WHAT CONSTITUTES VALUE.

1. Gold and silver are the most convenient metals to use as money, because they take up but little room in proportion to their value. Hence they are called the precious metals. But why should gold and silver be of so much more value than iron? They are not nearly so useful. We should be very badly off without knives, and scissors, and spades, and hatchets; and these could not be made so well from anything as from iron; silver and gold would make very bad tools indeed.

2. To understand this, you must remember that it is not the most useful things that are of the most value. Nothing is more useful than air and water, without which we could not live; yet these are, in most places, of no value, in the proper sense of the word; that is, no one will give anything in exchange for them, because he can have them without.
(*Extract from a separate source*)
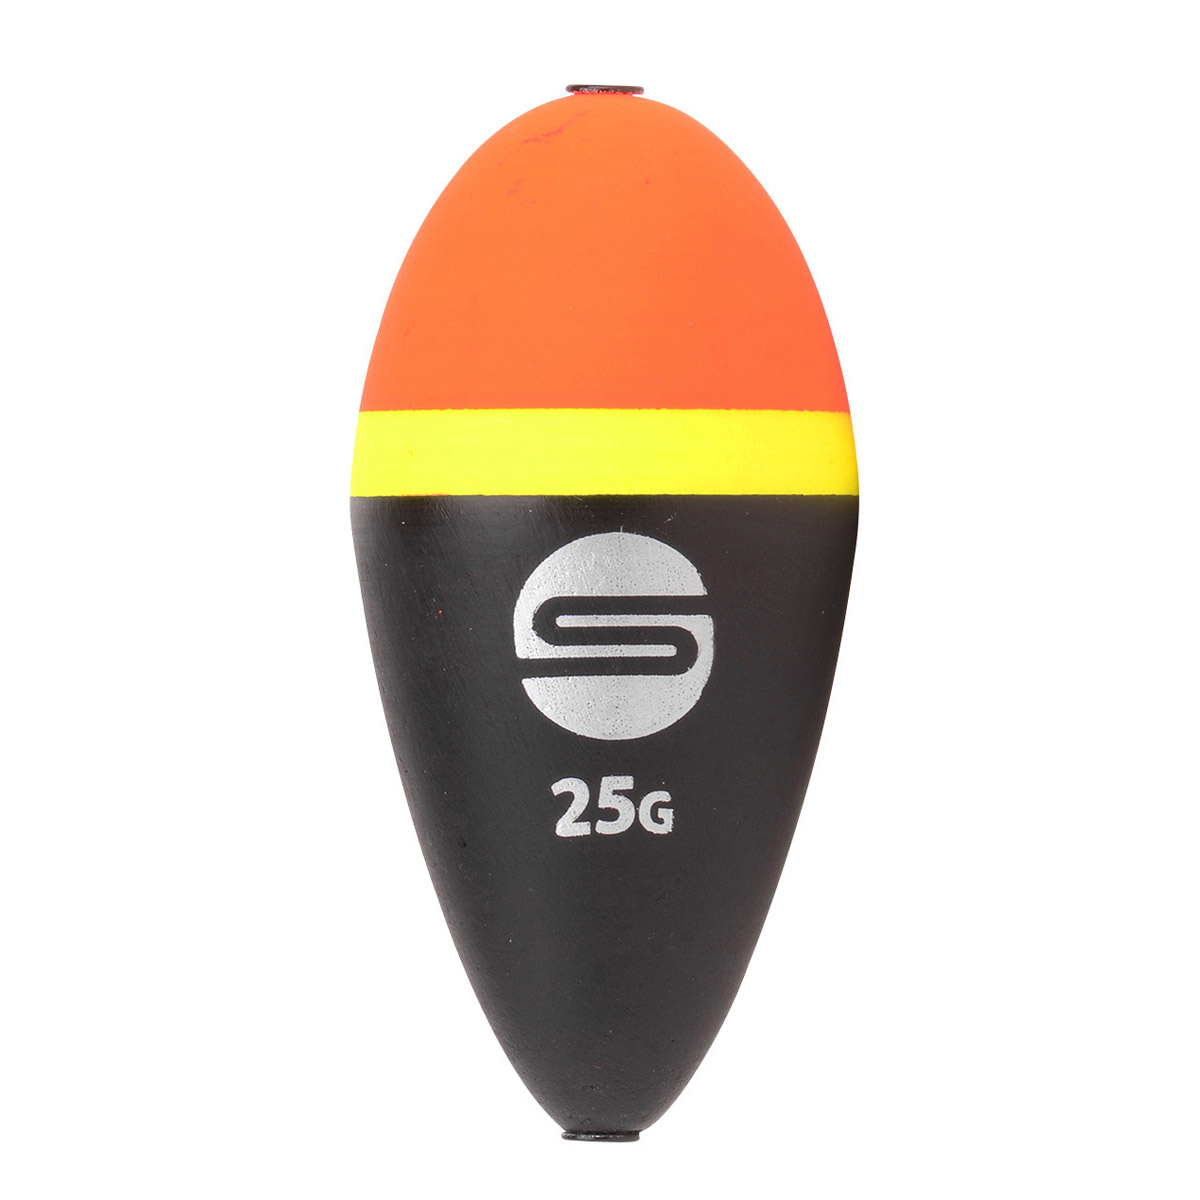 Spro Pike Oval Float

3. In some places, indeed, water is scarce; and then people are glad to buy it. You may read in Scripture of many quarrels that arose about wells of water; because in some of the Eastern countries water is so scarce that a well is a very important possession. But water is not more useful in those places where people are glad to buy it than it is here, where, by the bounty of Providence, it is plentiful. It is the scarcity that gives it value.

4. Iron, where it is scarce, is also of great value; but in most countries this most useful of all metals, is also, through the goodness of Providence, the most plentiful. Still it is of some value; because it must be dug from the mines, and smelted in furnaces, and wrought into tools, before we can make use of it. If knives and nails were produced by nature ready made, and could be picked up everywhere like pebbles,

they would be of no value, because every one might get them for nothing; but they would be just as useful as they are now.

5. Scarcity alone, however, would not make a thing valuable, if there were no reason why any one should desire to possess it. There are some kinds of stones which are scarce, but of no value, because they have neither use nor beauty. You would not give anything in exchange for such a stone; not because you can not easily get it, but because you have no wish for it.

6. But a stone which is scarce and very beautiful may be of great value, though it is of no use but to make an ornament for the person. Such are diamonds, and rubies, and many others. Many people will work hard to earn money enough to buy not only food and necessary clothing, but also laces, and jewels, and other articles of finery; and they desire these things the more, because, besides being beautiful to the eye, they are reckoned a sign of wealth in the person who wears them.

7. Whatever is of value, then, must not only be desirable for its use or beauty, or for some pleasure it affords, but it must also be scarce; that is, so limited in supply that it can not be had for nothing; and of all things which are desirable, those are the most valuable which are the most limited in supply, that is, hardest to be got. This is the reason that silver and gold are of more value than iron. If they had been of no use or beauty at all, no one would have ever desired them; but being desirable, they are of greater value than iron, because they are so much scarcer and harder to be obtained.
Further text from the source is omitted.